This meta-analysis concluded: "After adjustment for age, black men have a modestly but significantly 2.5 to 4.9% higher free testosterone level than white men." Here, “adjustment for age” means comparing black and white men of the same age. The conclusion isn't surprising, since African American men have a testosterone advantage only from puberty to their early 30s. At other ages, their testosterone levels are either equal to or less than those of Euro American men. 

This meta-analysis has two other flaws. First, it included only studies on "men," thus excluding studies on teenagers, among whom the race difference is greatest.

Second, it included Rohrmann et al. (2007). This study suffers from serious methodological problems, as I will now explain. 

This study concluded that "contrary to the postulated racial difference, testosterone concentrations did not differ notably between black and white men."

This study also found that 45-69 year old black men have higher testosterone levels (5.62 ng/ml) than do 20-44 year old black men (5.35 ng/ml). Such a finding is paradoxical and indicates a faulty dataset.

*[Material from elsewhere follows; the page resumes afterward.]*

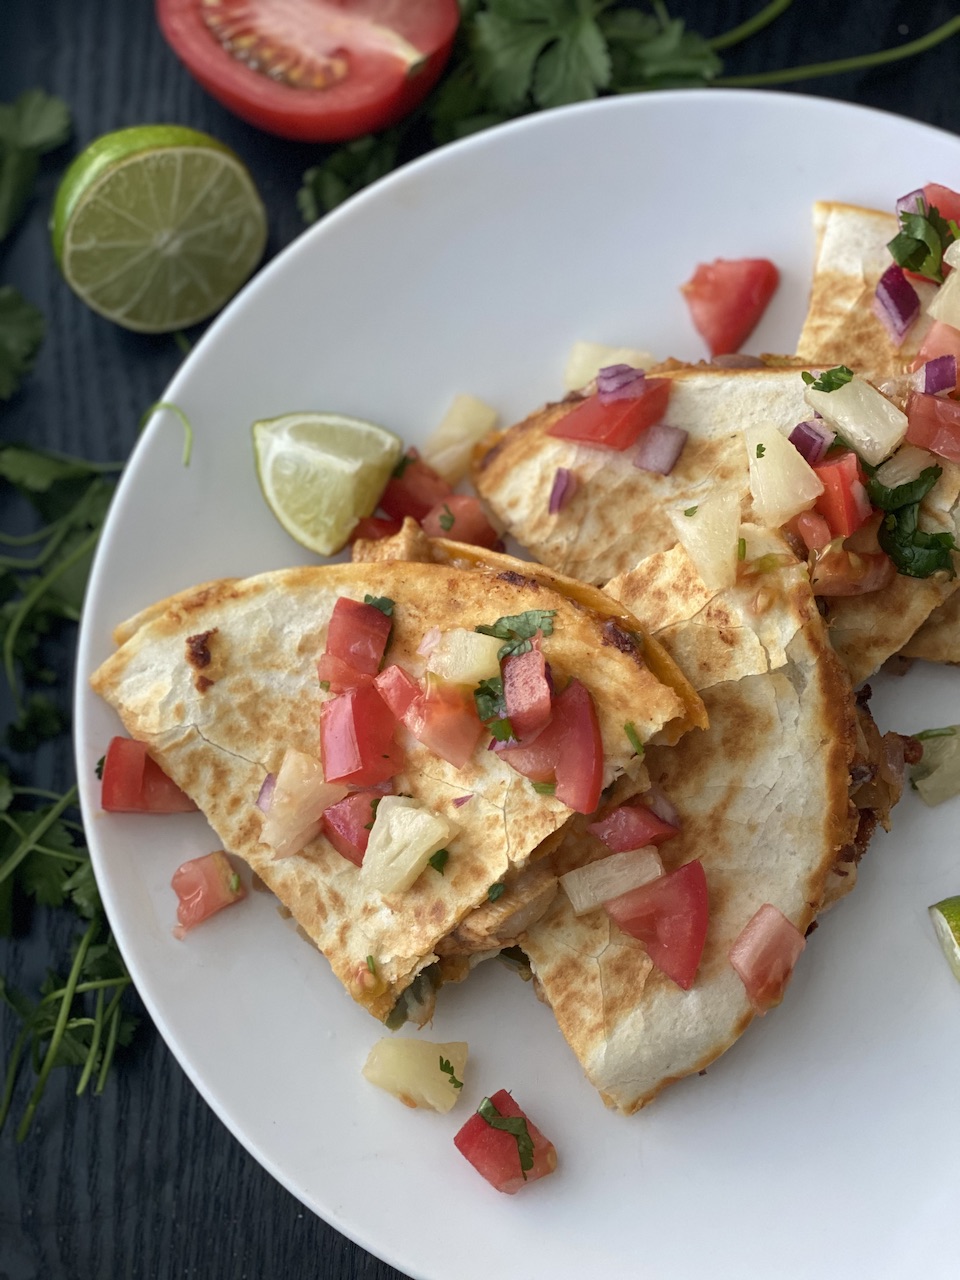 Chipotle Chicken and Pineapple Quesadilla

The authors used serum samples from the National Center for Health Statistics that had been earlier collected for its Third National Health and Nutrition Examination Survey (NHANES III). The authors state they used 1,479 samples that remained out of an initial total of 1,998. Over 25% of the original samples were missing. The authors state that some samples were missing because they were being used for another study.

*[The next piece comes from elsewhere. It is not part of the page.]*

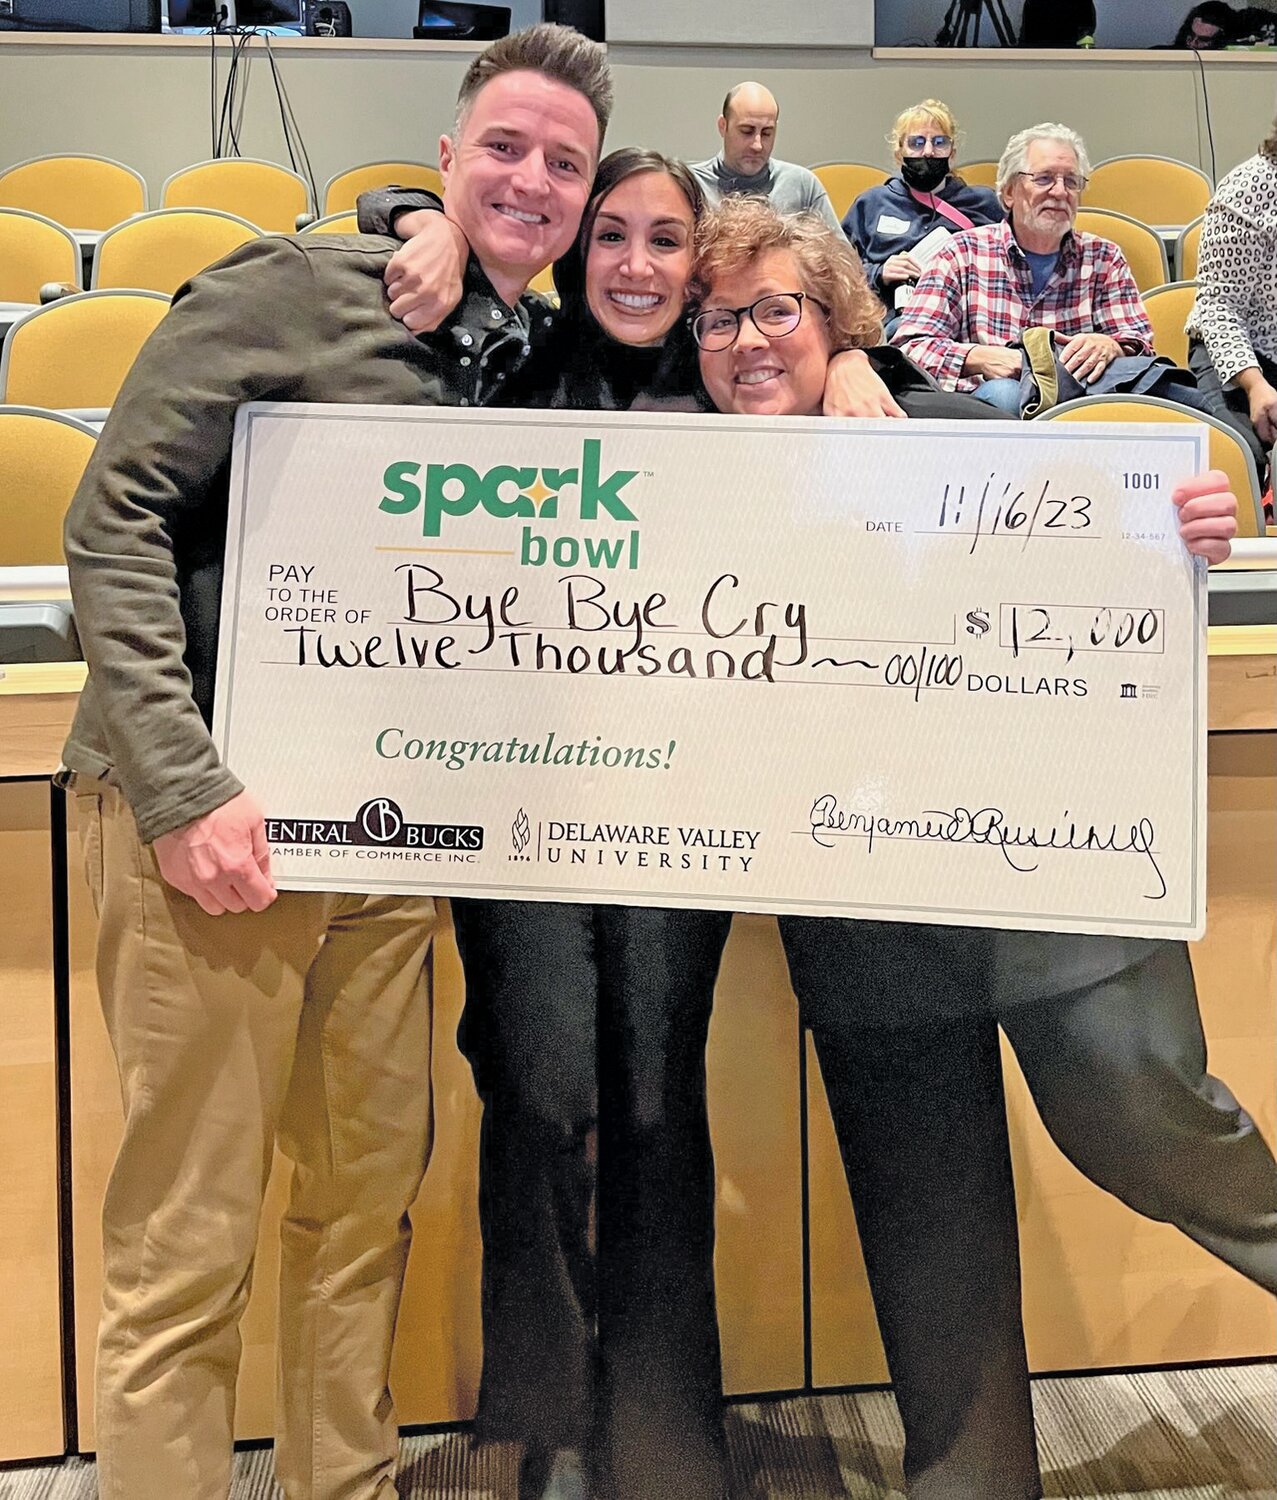 Samantha Myers, founder of ByeByeCry (center) accepts a $12,000 check from the recent Spark Bowl at Delaware Valley University, with husband Eddie and creative director Anita Haley.

The same serum bank had in fact been used for research on a sexually transmitted disease. This was the study by Fleming et al. (1997), who reported that more than 25% of adults between 30 and 39 years of age were positive for HSV-2 (Herpes Simplex virus type 2). Those samples may have been set aside either for further testing or for legal reasons. The serum bank would have thus lost some of its most polygynous donors.

This study measured salivary testosterone in young men (15-30 years) from the United States, Congo, Nepal, and Paraguay. Americans had the highest levels (335 pmol/l), followed by Congolese (286 pmol/l), Nepalese (251 pmol/l), and Paraguayans (197 pmol/l).

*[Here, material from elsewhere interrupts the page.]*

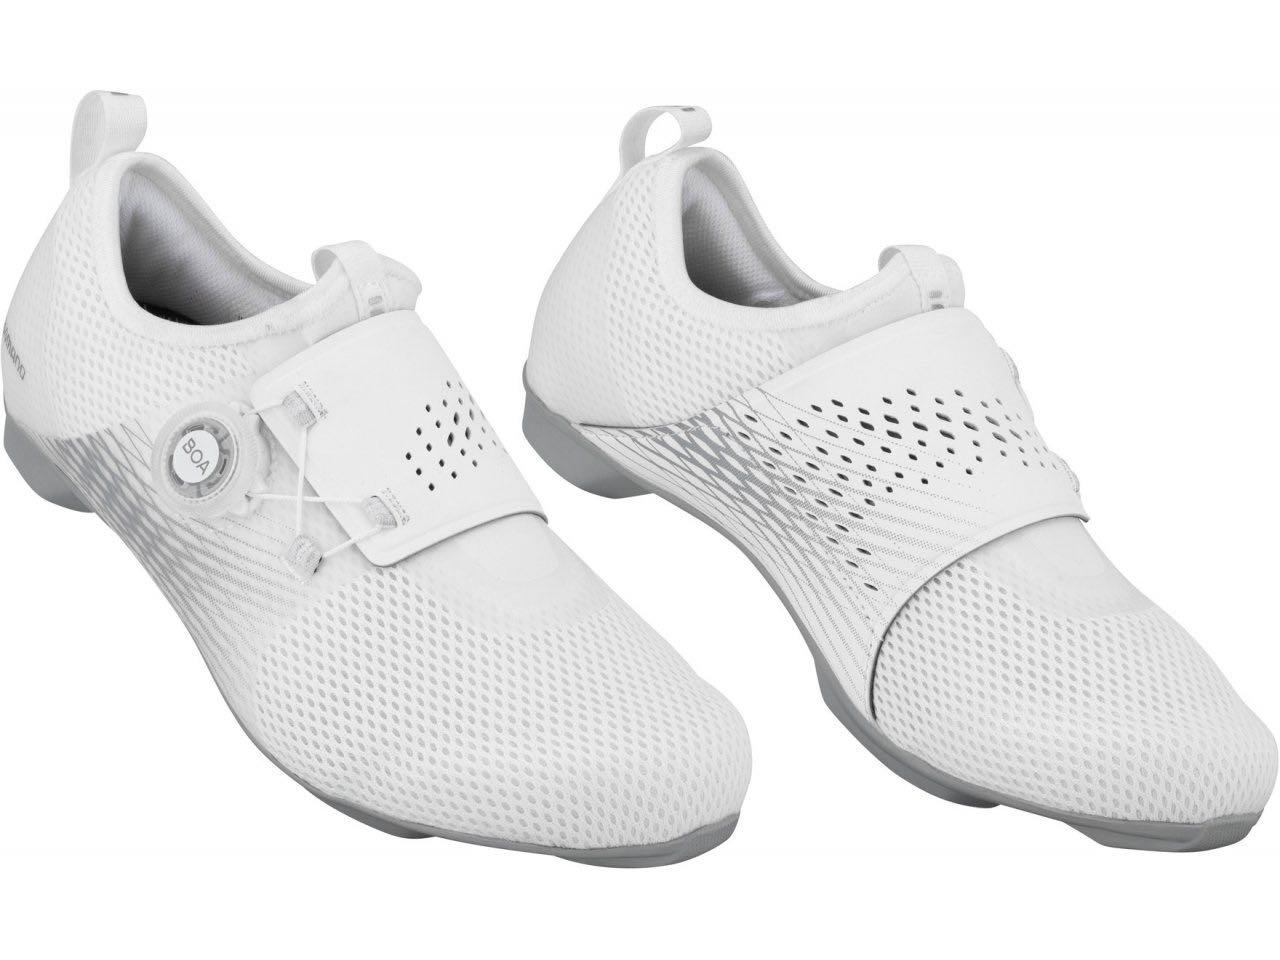 cheap indoor cycling shoes
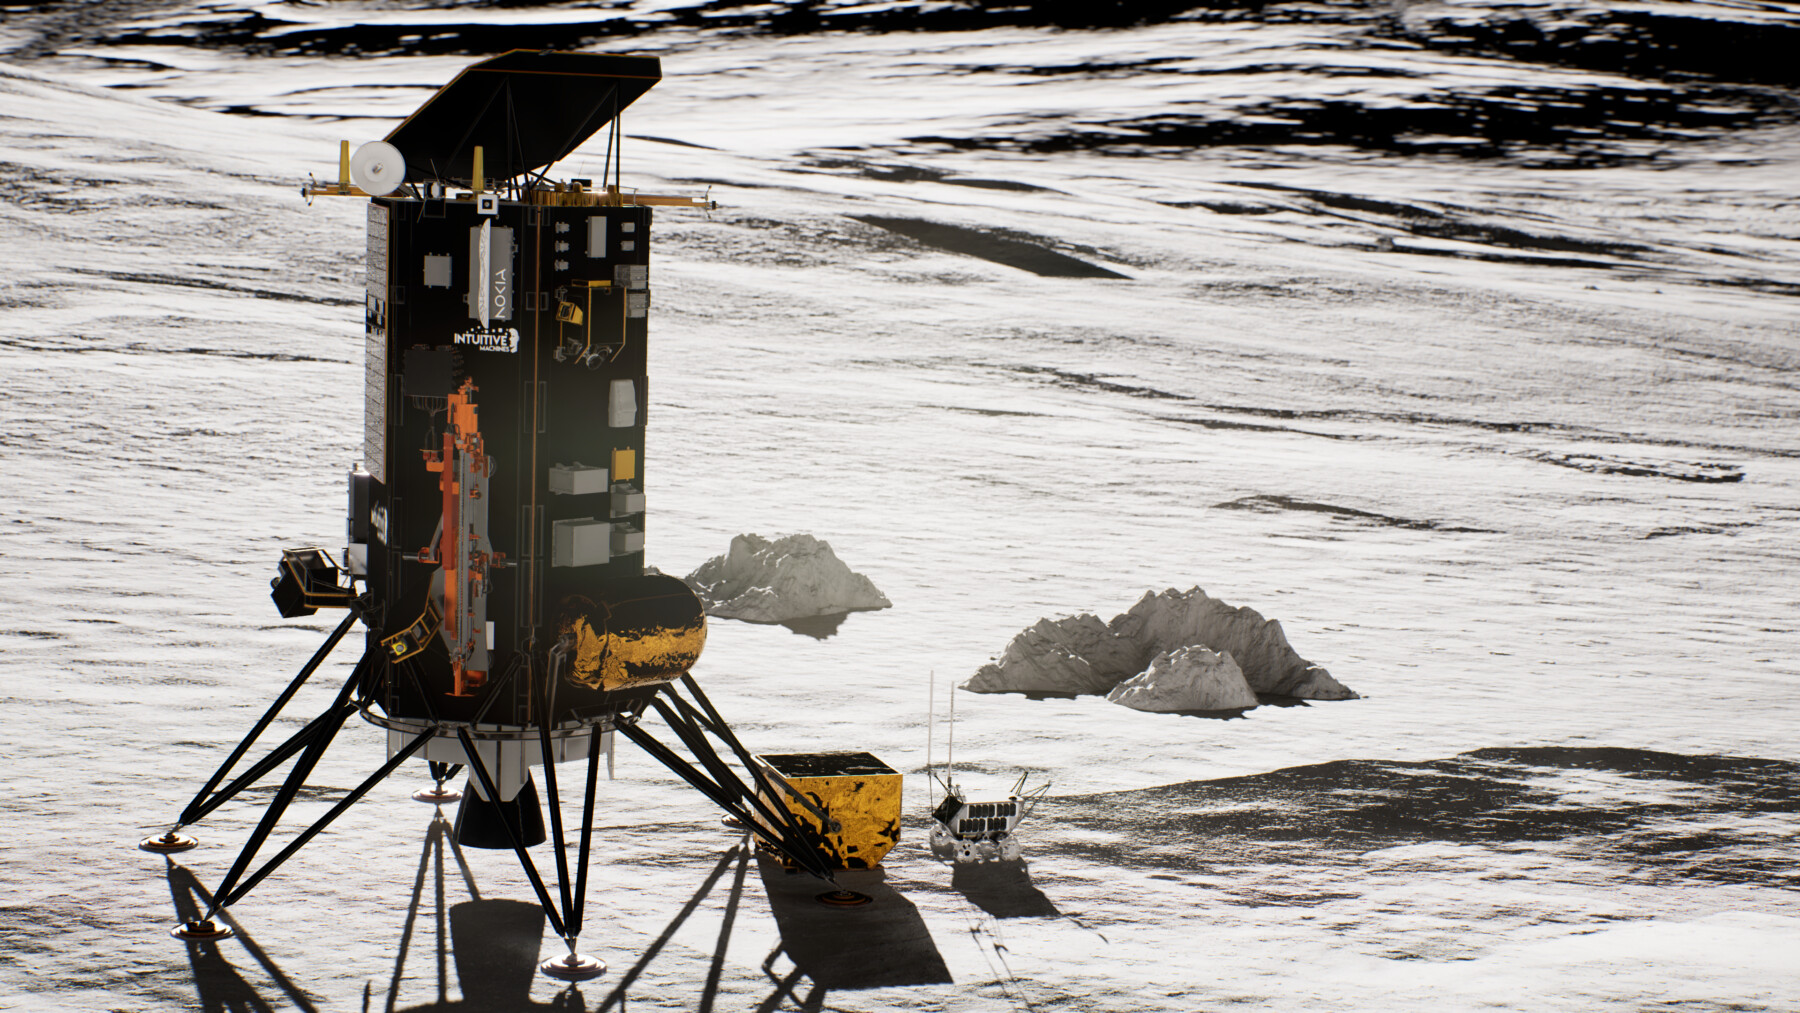 A small robotic vehicle moves away from a spacecraft on a grey rocky surface.

Who were these Americans? They are simply identified as ... young Americans—a demographic that is now less than 60% of European descent. In Boston, where the study was conducted, public schools in 2005 were 46% black and 31% Latino (mainly Puerto Ricans and Dominicans). The authors also state that "the USA participants were recruited by public advertisement." The pool of participants may have therefore resembled that of people who give blood in exchange for payment, i.e., it may have been disproportionately poor and non-white. In any event, the results are unusable without any information on racial background.

The Congolese participants were likewise unrepresentative of Congolese in general. They were Lese who inhabit the Ituri forest in proximity to the Efe pygmies. Many Lese are, in fact, partly of pygmy ancestry. As such, their testosterone levels would be closer to that of hunter-gatherers with lowers levels of polygyny and less male-male competition for mates.

This study concluded that testosterone levels did not differ between African American and Euro American boys between the ages of 6 and 18. Such a finding is to be expected for the first few years of this age range, when no difference should exist between the two groups. The main flaw, however, is that the participants were compared not by age but by Tanner stage. Since African Americans enter puberty earlier, this study compared younger African American boys with older Euro American boys.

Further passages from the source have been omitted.